The saying goes "necessity is the mother of invention" I took a body pillow and laid it across my lap. It works great. My cat likes to lay on the pillow while I'm working. Now I just need to convince her to watch instead of trying to help. LOL &#128049;


----------



## AgedLace

ms mollybgoode said:


> The saying goes "necessity is the mother of invention" I took a body pillow and laid it across my lap. It works great. My cat likes to lay on the pillow while I'm working. Now I just need to convince her to watch instead of trying to help. LOL 🐱


LOL !! Good luck with that one!

Right now I'm working on the All-In-One with a sport weight yarn. It's not been too bad yet, as the work hasn't gotten long enough, but once it gets longer, it's going to get pretty heavy for me to hold up to see.

I never thought about using the body pillow ... going to have to try that ... not sure it will still be high enough to see thought ... but still worth a shot. Thanks!!!


----------



## ClaudiaCano

I use stands used for embroidery frames and they work perfect with my looms. I got the lap stand and different size frames from Joann's. I use the frames to support my looms. The floor stand is the Edmonds stitch master floor stand, you can find it at Amazon. You can adjust the height, and the way you hold the looms according to their sizes.


----------



## AgedLace

Hey Claudia,

Nice stands! I wish I could afford them ... I lost my job the 1st week of last December, so I'm not able to afford anything like that any time soon. 

It sure would be nice to have both hands free to work the stitches!


----------



## ClaudiaCano

AgedLace said:


> Hey Claudia,
> 
> Nice stands! I wish I could afford them ... I lost my job the 1st week of last December, so I'm not able to afford anything like that any time soon.
> 
> It sure would be nice to have both hands free to work the stitches!


I'm sorry about that. I hope you find a new job soon. The lap stand is on sale at $11, and the frames are between $6 to $9.


----------



## AgedLace

Thanks, Claudia,

Wow ... those are nice prices!!! unfortunately, still not able to get them any time soon ... 

Thanks for the best wishes on finding a job soon! I appreciate that very much.


----------



## rifka

hi just sit it on your knees and you will turn it a little for each stitch
rifka


----------



## AgedLace

Rifka,

This would be fine except that I cannot see well enough with the loom on my lap. I only have sight in one eye, and the eye I do have sight in has very bad vision; I also have macular degeneration.

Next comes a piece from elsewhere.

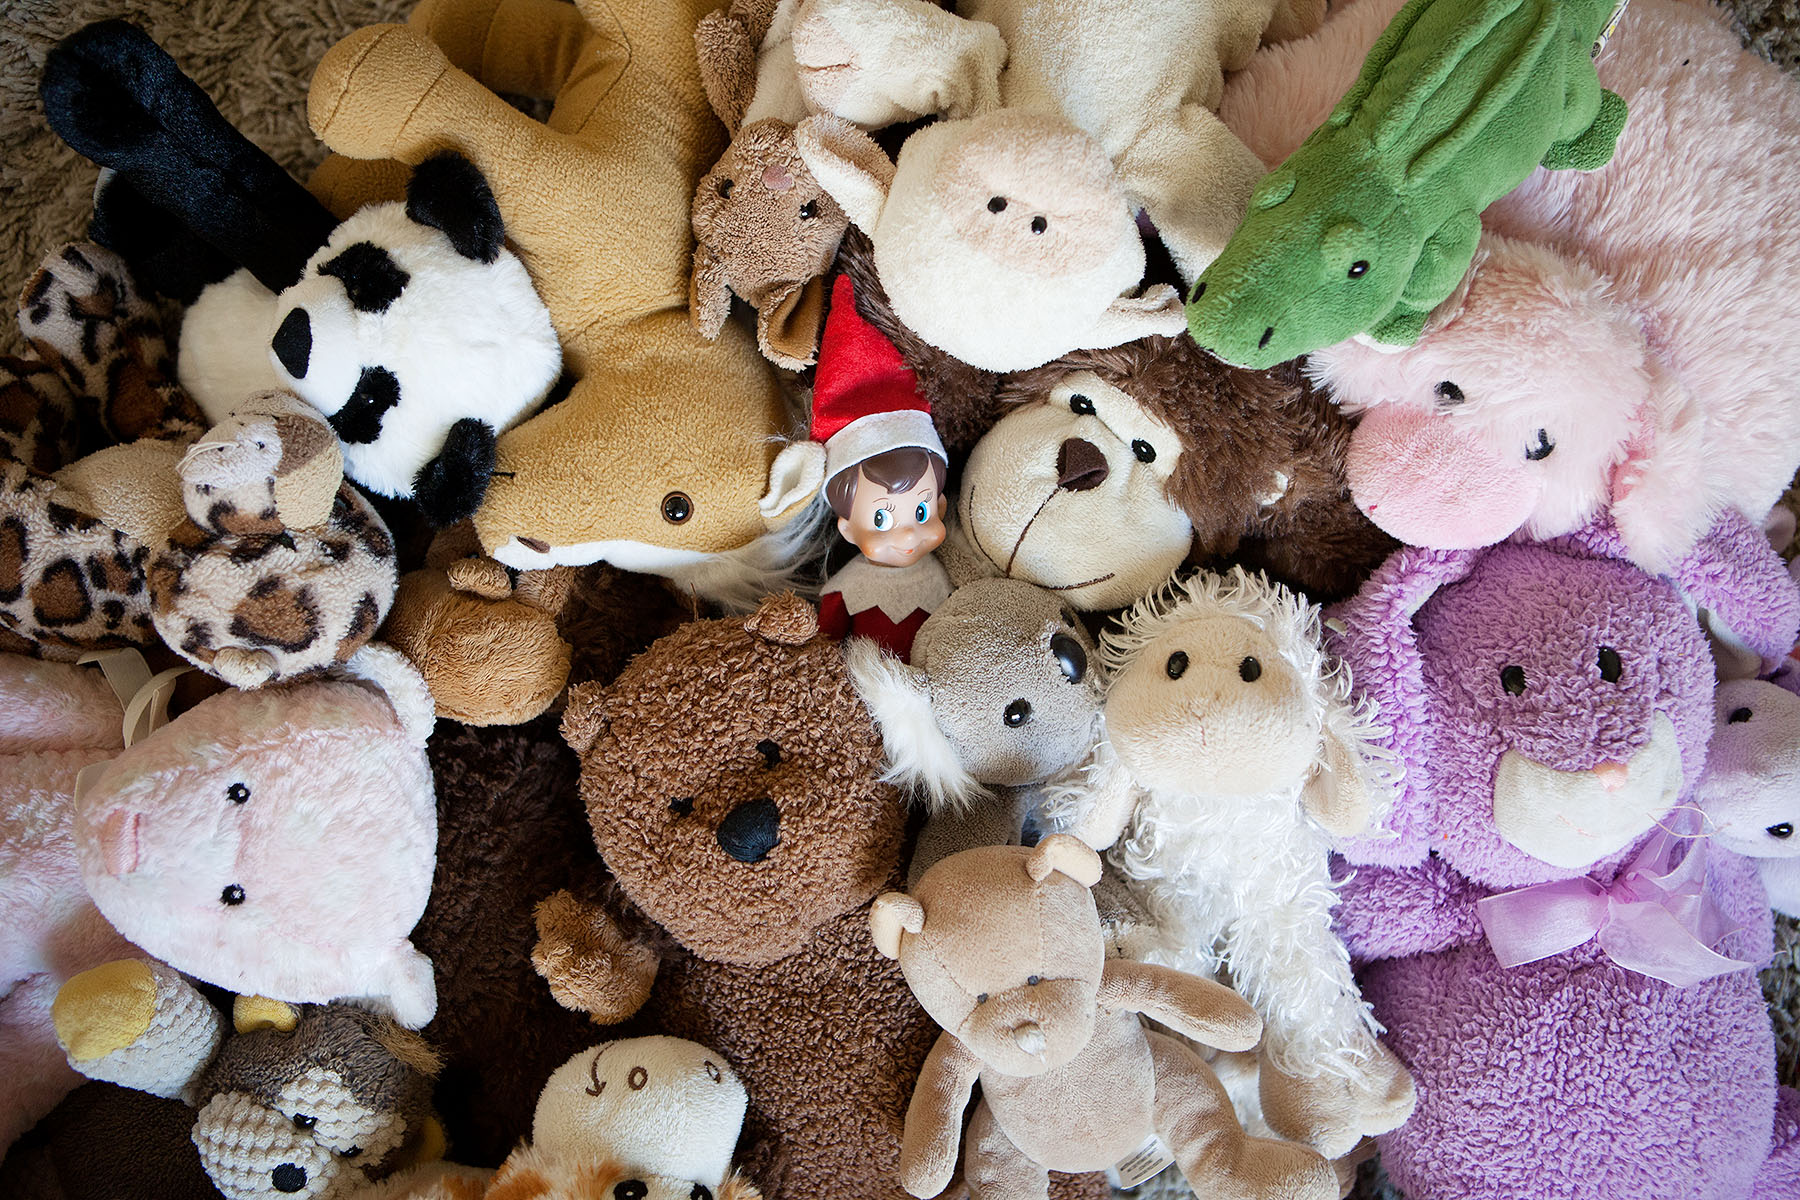 Elf hides in a pile of stuffed animals.
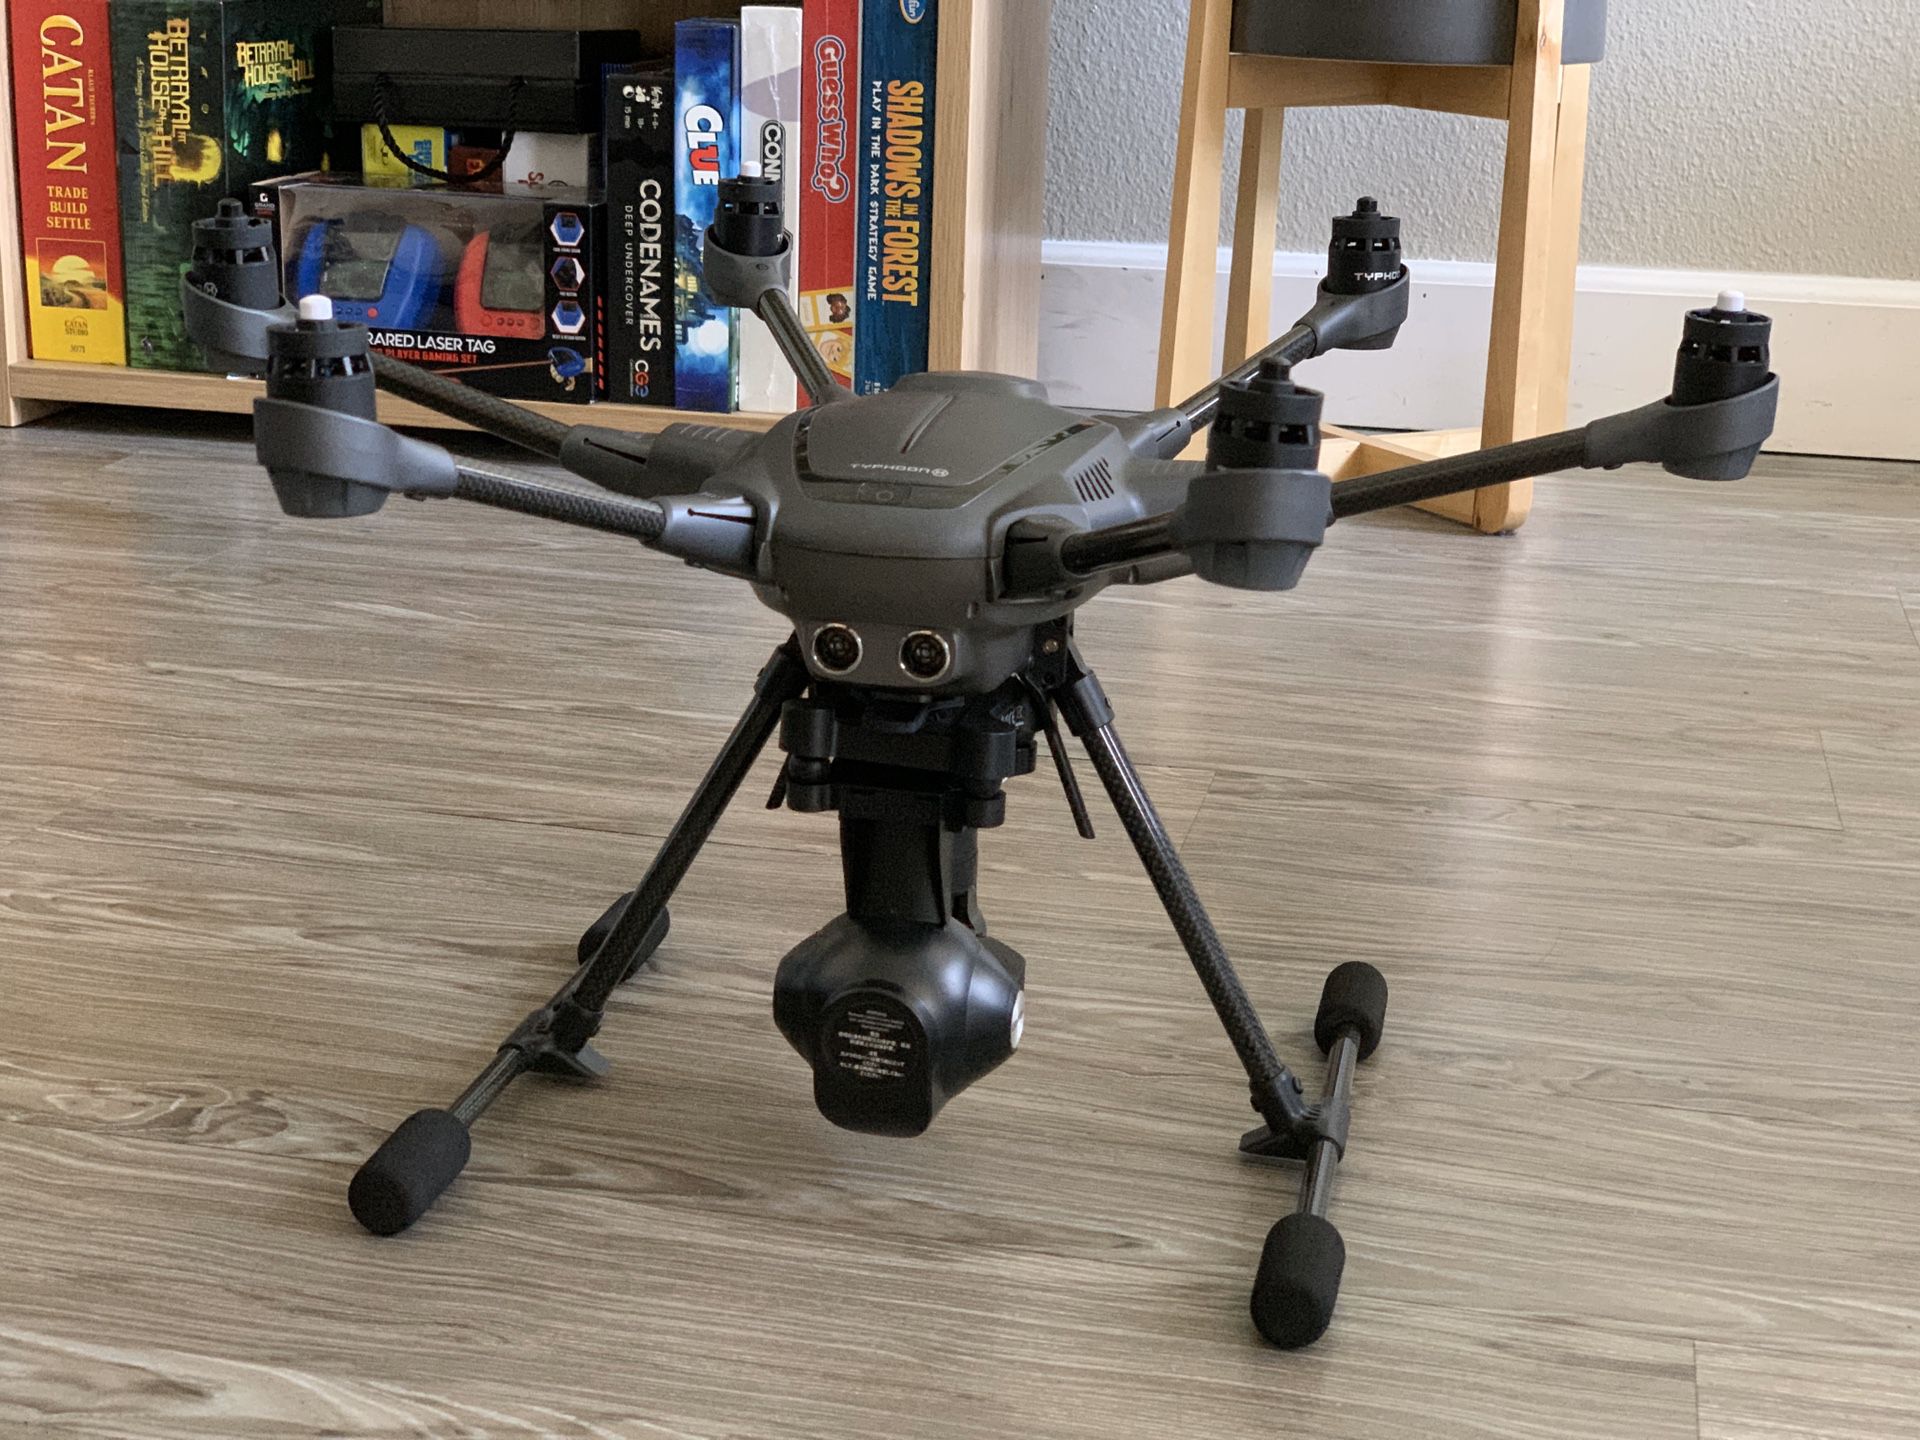 Yuneec Typhoon H 4K Hexacopter Drone w/ case

Thank you for the suggestion, though. Greatly appreciated.


----------



## eistot

I have tried everything also. Tucking under chin, yes that's me.


----------



## quirkycrafter

I can go pretty quick around the round looms, but I'm currently using my All-In-One and I usually keep it on my lap. I'm sure if I put one of the bolts in the opposite way I can balance it more on a table as I'm working with it, but haven't done that yet. I've gotten comfortable with it in my lap as I'm working. 

Ms Mollybgoode, I have used bulky yarn on it, but depending on what you are making, you may or may not want to skip a peg in between stitches because it is a small gauge loom. I didn't skip a peg and I made a small lap blanket and it turned out okay.


----------